RE:Hammer, please address the following....For nuggety gold MS assays are a better technique than Fire assay. If no nuggety gold the result will likely not change and fire assay is just as good for a much lower cost. BGM has both types of mineralization, nuggetty and evenly disseminated.
As for numbers up or down in a comparison - a result of less than 0.5 g/t or even up to 3.0 g/t may or may not be significant depending on the grade range. If you have a sample that is in the 10 to 20 g/t range from either method and then re-run it several times chances are will get variation of up to 2 - 3 g/t up or down. This is considered normal as you are taking different cuts from the prepared pulp and no matter how hard the lab tries to homogenize it there will be differences.

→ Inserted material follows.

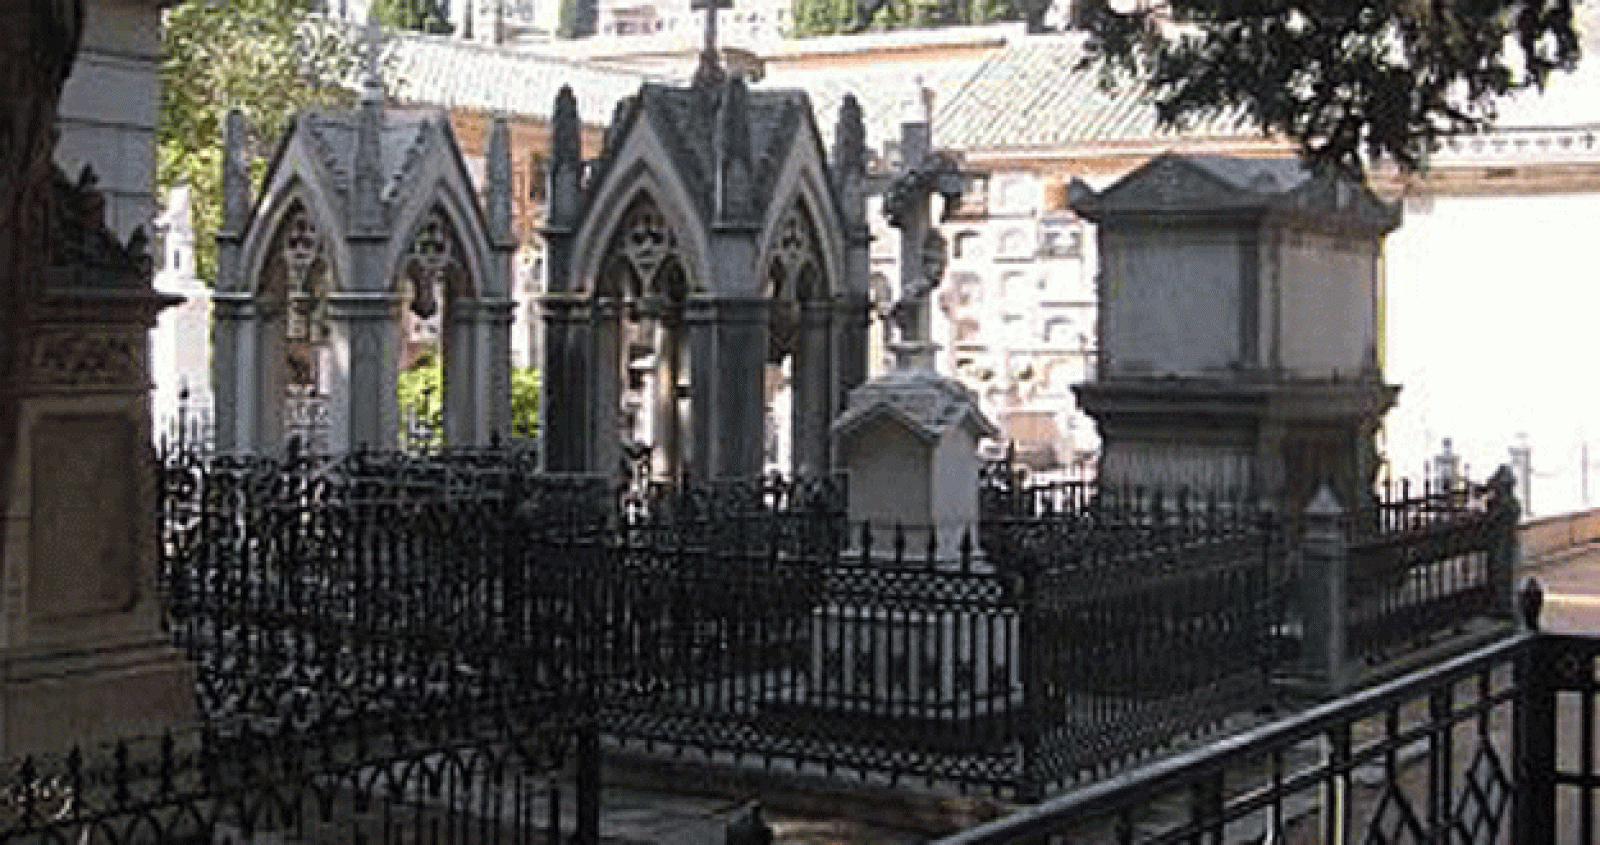 El cementerio de San José de Granada ha sido designado itinerario cultural europeo por el Consejo de Europa dentro de la ruta de cementerios históricos, que está integrada por 49 camposantos en 37 ciudades, como París, Berlín o Roma.

I used the words dangerous, and misleading, because your calculation suggested that the metallics added 29 g/t to the average grade of the intervals you were making a calculation for. While there was clearly an increase for some intervals you merelty added up the "increases" and divided the total by by 7 to give your addition of 29 g/t Au for each of the 100 foot interval. (note that the company uses metric grades but imperial lengths - another peeve of mine - but that is another discussion). While I have not done a calculation myself using length weights as discussed in the other posts i would suggest that the over all increase in term of g/t is much less than this. As such throwing a number like that out there could easily mislead others to thinking that MS assays will add this much to the resource grade. Given the deposit average, indicated and inferred, is about 2.5 g/t this would be an across the board 10X increase.